Incorrect.
You are making an explicit statement that certain historical trends and revisions of ethical systems are essentially inevitable. I am not twisting your positions into ones you don't hold and ascribing them to you, which is how the "straw man" fallacy functions.
Nor am I saying that "all predictions are impossible," rather that it is obvious that extenuating circumstances routinely disrupt what seems to be a "historic inevitability." Who predicted the assassination of Franz Ferdinand, and the world war that resulted? Who predicted the fall of the Berlin Wall? The rise of China as a quasi-capitalist powerhouse? The appearance of Al-Qaeda and international Islamist terrorism? The fall of Rome, the rise of Christianity, the appearance and spread of Islam?

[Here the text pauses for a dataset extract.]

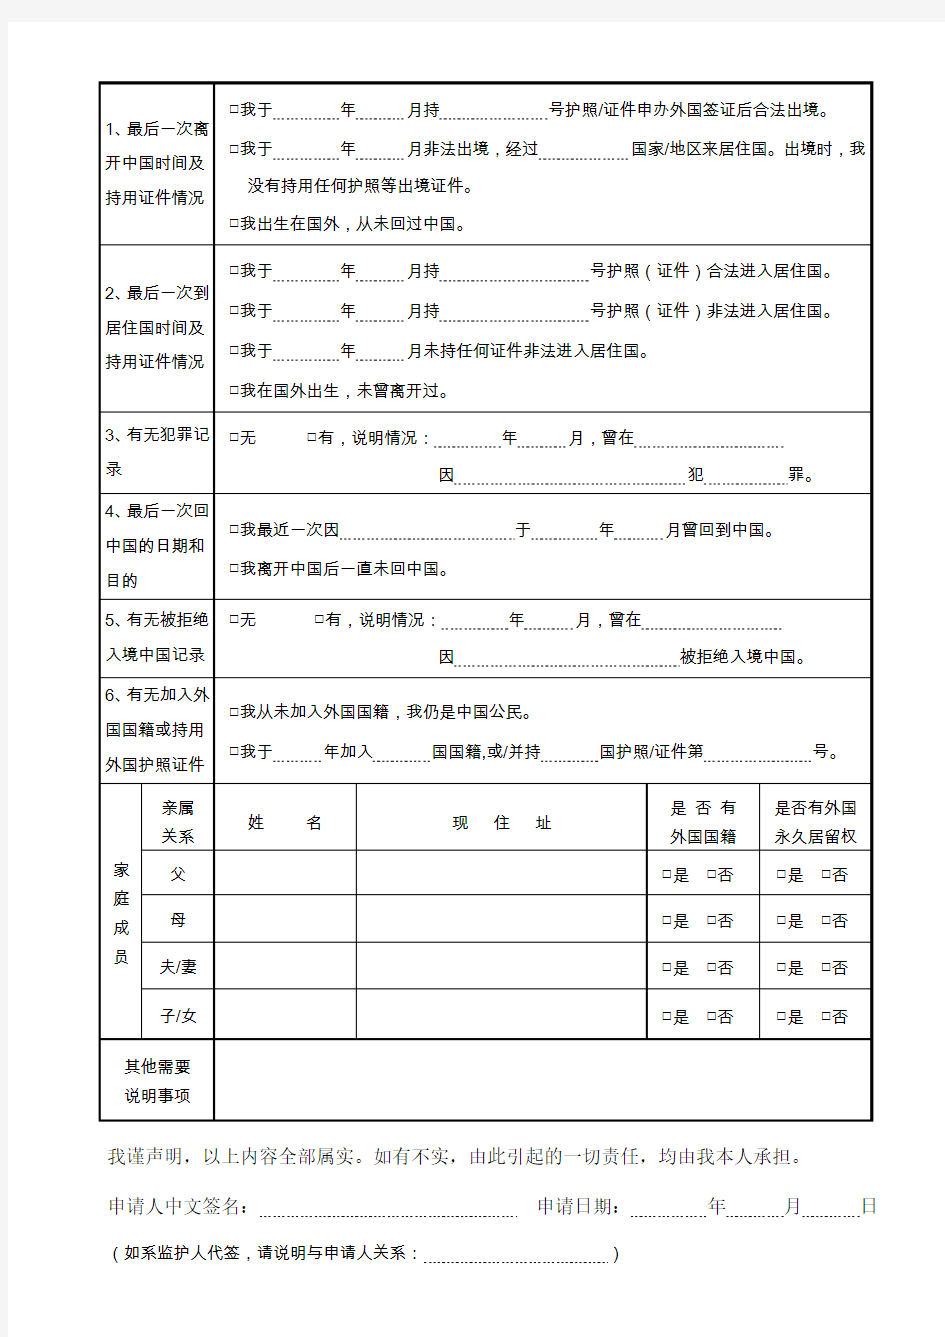 中华人民共和国护照申请表

On the flip side: In the 70s, Japan was regarded as a mortal threat to American industrial pre-eminence. The US economy subsequently boomed while Japan suffered from an extended deflationary cycle that still afflicts their economy. Or in ancient times, the divided Greek city-states seemed doomed in the face of Darius' overwhelming military might, yet the Persians were driven out of Greece in the end. And surely, many empires presumed they would "inevitably" persist far longer than they actually did.
Trust me, we could sit here all day and rattle off failed predictions and massive surprises throughout recorded history.
History is usually only "predictable" in hindsight.
True. However, my examples are nowhere near as extreme or outlandish, and numerous examples are drawn from history.
See,
that is a straw man argument.
I am not stating that the US is
going to turn into a totalitarian state. My point is that because you cannot predict the future, it is impossible to establish ethical guidelines based upon presumptions about the moral guidelines that will be established by a future society.
The evidence is abundant that history is not predictable, nor are social attitudes.
More importantly, if you index your ethical premises to an unknown future date, what are the ethical premises that the Future People will bring to bear? Won't they in turn be obligated to guess what morals the Future Future People will hold? How long in the future should we look -- 50 years, 100 years, 200 years? The very idea either turns into an infinite regress or a series of moving targets, each less predictable than the last.
Last but not least, why should I care about a future judgment? I'll be dead and buried by the time such an era rolls around. Do I really need to concern myself with being judged by people who don't yet exist, and whose moral principles are a huge question mark?
I recommend you stick with contemporary ethical principles, rather than grasp at an illusory future.